In one embodiment, by mouse mark rectangle will demarcate in the people that chooses just frame choosing, and according to the different scale size of people in scene distance, estimate under same level coordinate, in actual scene, one meter is mapped to the pixel count in image.

By demarcating, the parameters such as the real area of scene, degree of tilt, suggestion galleryful can be estimated.

In one embodiment, after demarcation, generate perspective matrix, described perspective matrix is mainly used to the size of the different far and near crowd of normalization scene.From the single-frame images of scene, select at least 2 adults randomly, if be less than 2, then change a uncalibrated image, and suppose that everyone average height is 175cm, use a linear regression model (LRM) to estimate a perspective matrix M.Pixel value M (p) in perspective matrix M to represent in the actual scene of pixel p position 1 meter of pixel quantity shared in the picture.
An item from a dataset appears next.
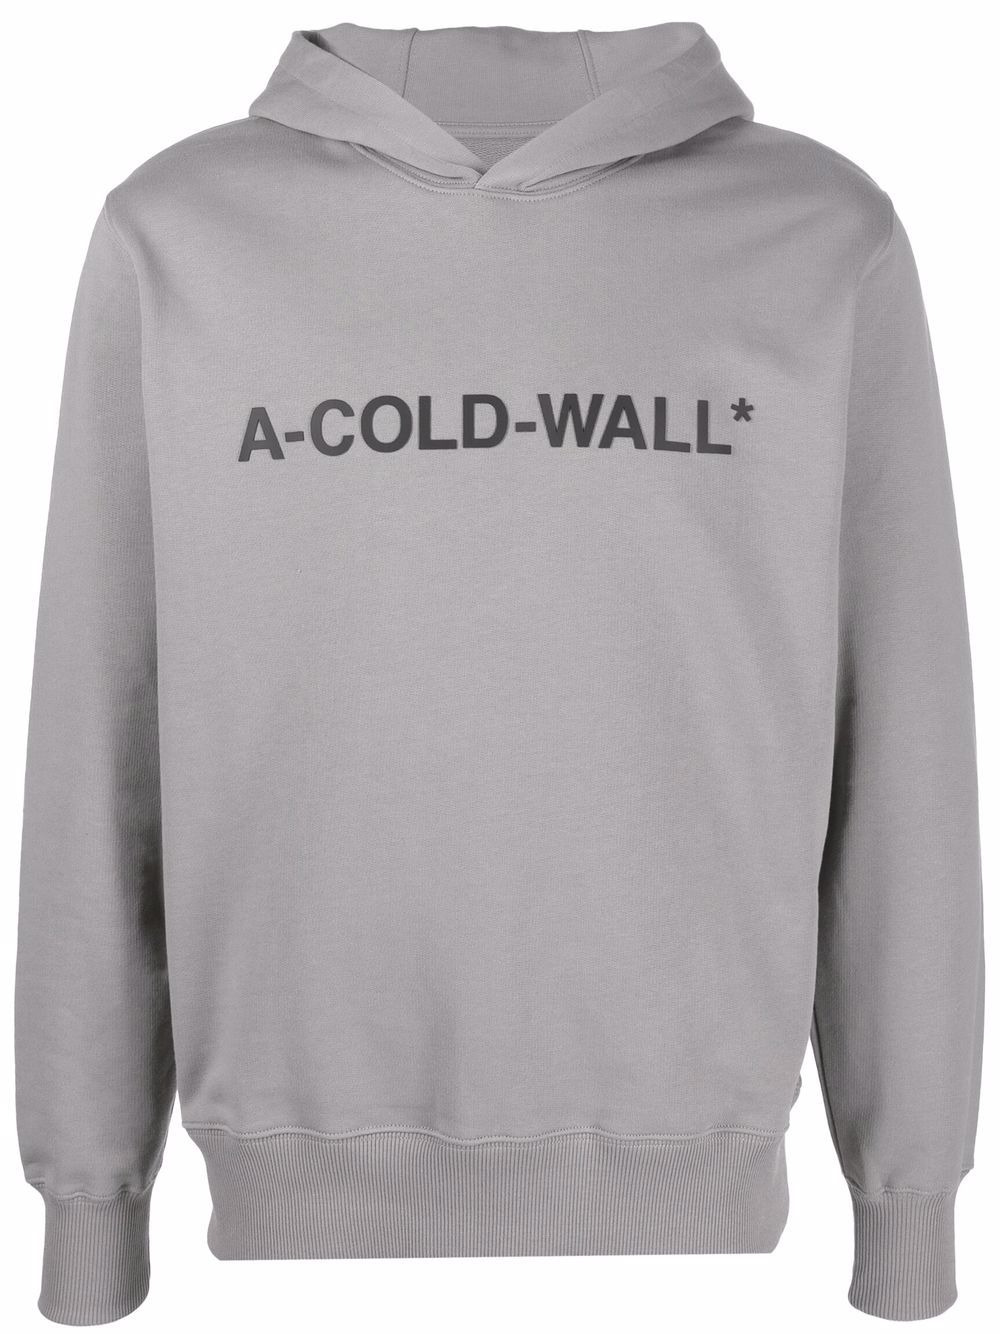 A-COLD-WALL* logo pullover hoodie - Grey von A-COLD-WALL*

In one embodiment, video channel can be increased, and by inserting monitor video address at the interface of adding video channel, can complete the connection to new video passage.

Optionally, all existing video channels are shown with tabular form.
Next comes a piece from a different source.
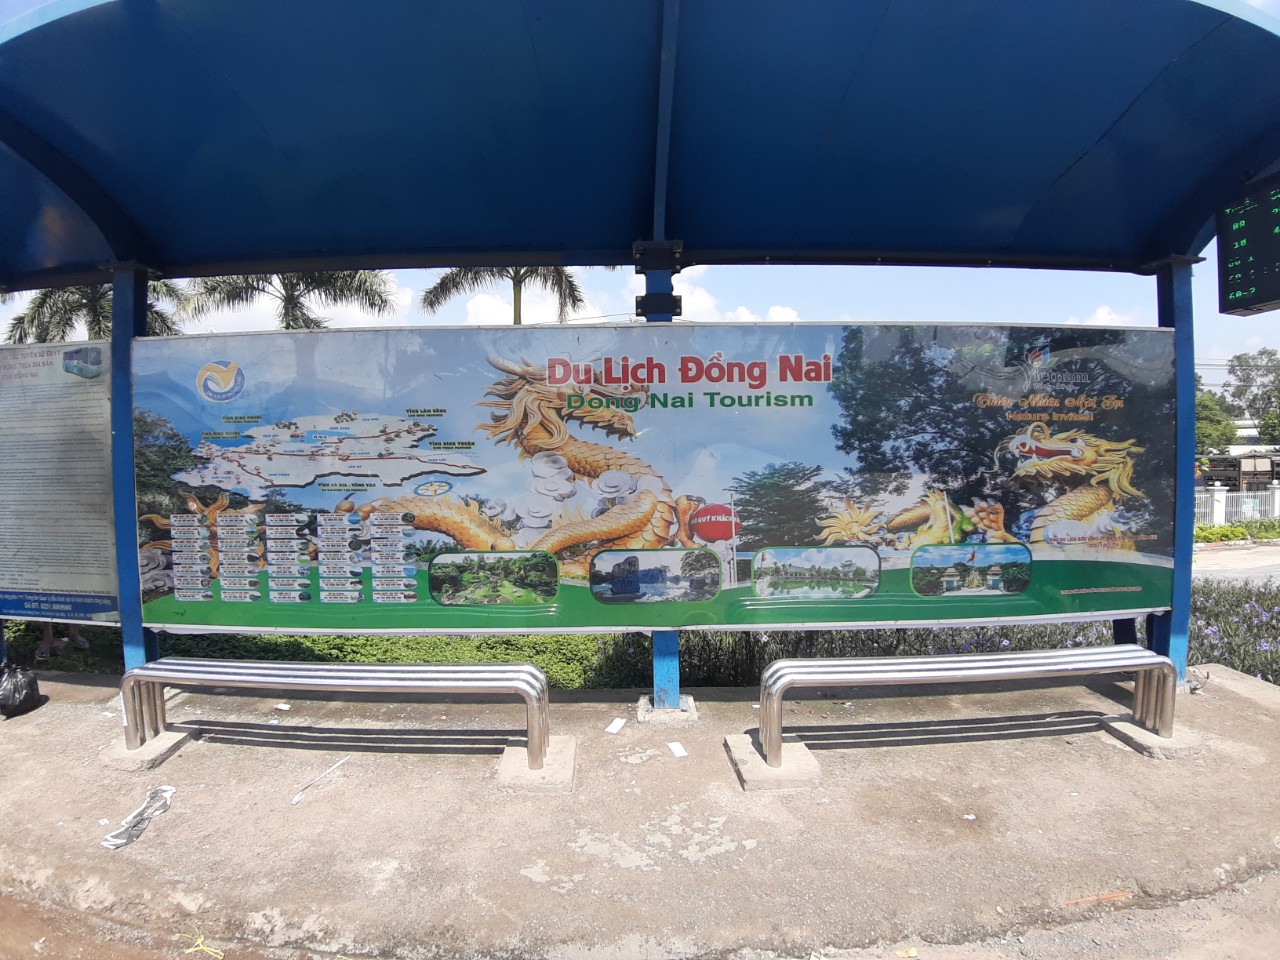 Promote Dong Nai tourism on the bus stop information board

In one embodiment, described step S200 also comprises after judgement crowd event generic: S202, by the data write into Databasce of crowd's event.The execution of this step can, before providing early warning, can, after providing early warning, can also be also parallel work-flow.

Below in conjunction with accompanying drawing, the disclosure is set forth.

In one embodiment, as shown in Figure 3, this figure once trains computation process or target identifying to the schematic network structure of the complete convolutional neural networks used in the process.In the drawings, ground floor P0 is former figure, and the second layer is the sub regions P0 ' in former figure P0, and be then 3 layers of convolutional layer, parameter 7*7 wherein, 5*5 represent the size of convolution kernel.The dimension of the binary file blob of the subgraph P0 ' obtained from P0 is 72 × 72 × 3, the dimension of the binary file blob obtained after first convolutional layer conv1 process is a result 72 × 72 × 32 for 3 dimensions, a result 36 × 36 × 32 for 3 dimensions is obtained through second convolutional layer conv2 process, a result 18 × 18 × 64 for 3 dimensions is obtained through the 3rd convolutional layer conv3 process, here pond layer has been lain in convolutional layer, can see that image size that convolutional layer obtains is all the half of front one deck.Two-layer full linking layer is entered after this layer, fc4 and fc5 is two-layer full linking layer, fc4 is the result of 1000 × 1, fc5 is the result of 400 × 1, fc6 is that regression target exports, fc7 is that classifying type target exports, last DenistyMap and Gobalnumber is the calibration result of original image, be manually provide mark and generated, fc6 (324 × 1) result that network generates can arrange by image is rows of the density image becoming (18 × 18), and the density_map counting loss concentrated with demarcation, for training network; Fc7 be 1 × 1 result and gobalnumber contrast and lost, also may be used for training network.Can switch between two of a training pattern convergence target as required, a convergence target loss loss tolerance, the computing method of described loss are as follows:

Result-the globanumber of loss=fc7

Another convergence target loses Eucldieanloss tolerance with Euler, and the computing method that described Euler loses Eucldieanloss are as follows:

Result-the densitymap of Eucldieanloss=fc6

When loss does not meet the demands, this process of iteration.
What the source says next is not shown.